Data or Offset field

This field contains 0 or more data bytes. The actual number of data bytes is indicated by the byte count in the beginning of the record. The data bytes are interpreted as real "payload" data in type '00' records. In all other record types the data represent pre-set address values.

Checksum Field

This field is a one byte (2 hex digits) 2's complement checksum of the entire record. To create the checksum make a 1 byte sum from all fields of the record:

  byte count + both address bytes + record type + all data bytes.

Then take the 2's complement of this sum to create the final checksum. Checking the checksum at the receiver's end is simply done by adding all bytes together including the checksum itself, discarding all carries, and the result must be $00.

Examples

:10C00000576F77212044696420796F7520726561CC
:10C010006C6C7920676F207468726F756768206137
:10C020006C6C20746869732074726F75626C652023
:10C03000746F207265616420746869732073747210
:04C040007696E67397
:00000001FF

In the example above you can see a piece of code with normal 16 bit addressing. The first 4 lines have 16 bytes of data each, which can be seen by the byte count, the first byte of each line. The 5th line has only 4 bytes because the program is at its end there.
After the byte count on each line you can see the address where the 1st data byte of that line is to be stored. The begin address of the file is $C000. Remember that the address order within a file is not important.
Then the record type is given. In each data record this identifier is $00. Only in the End Of File record, the last line, this identifier is $01. Note that the address of the last line is also $0000 and that there are no data bytes in this last record.
The data bytes follow the record identifier, at least for the data records they do.
Finally you see the checksum as the last byte of every record. If you like you can add all bytes of each line together and the 8-bit result should be $00 every time.

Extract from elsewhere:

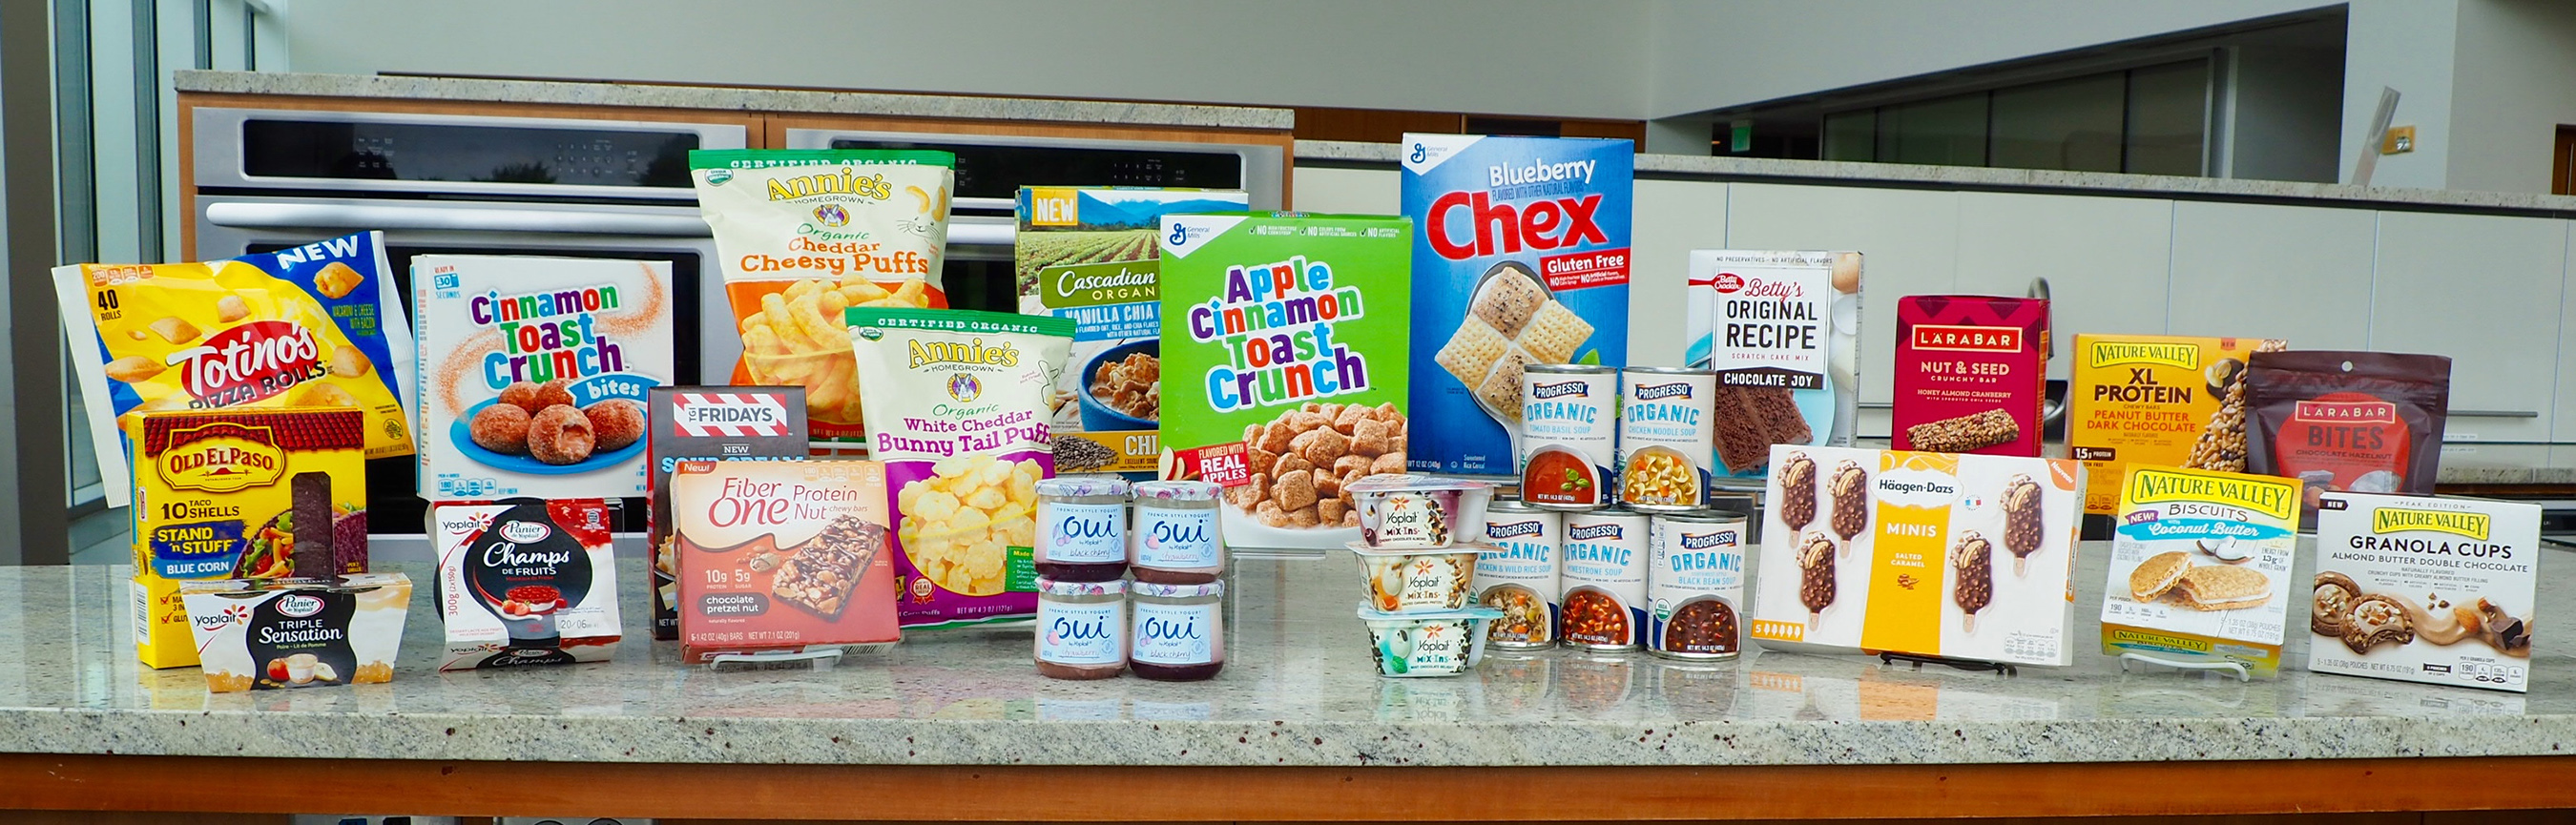 General Mills announces new products

:100000004578616D706C65207769746820616E2039
:0B0010006164647265737320676170A7
:101000004865726520697320612067617020696E90
:1010100020746865206D656D6F727920616C6C6FEE
:06102000636174696F6E4C
:00000001FF

Here you see an example with an address gap. The first part of the program starts at address $0000. After the second record the address has suddenly changed to $1000. All date in the addresses in between remain unchanged, or are undefined. It is even possible to fill in these "blanks" later, without destroying the code presented in this example. As you can see not all lines have the same number of data bytes, which is no problem.
BTW: In both examples so far no Extended segment or Linear Base Address were defined. So these addresses are assumed to be $0000.

:020000022BC011
:1012340054686973207061727420697320696E2028
:0D12440061206C6F77207365676D656E74B7
:020000027F007D
:1080000054686973207061727420697320696E20EE
:108010007468652068696768207365676D656E744C
:00000001FF

In this final example I show you a piece of code with Extended Segment records in it. The first record is one of them. Here the Extended Segment address is set to $2BC0, which means that $2BC00 is added to all subsequent address fields to obtain the target address of the data. E.g. the first data byte of the 2nd record is stored at location $2BC00+$1234=$2CE34.
In the 4th record a new Extended Segment address is specified, which means that from then on all address fields are added to $7F000 to obtain the target address.
The Extended Segments records in this example can be replaced by Linear Base Address records by changing the identifier '02' into '04' and adapting the corresponding checksums. When keeping all other values the same this would result in a target address for the first byte of the second record of $2BC00000+$1234=$2BC01234.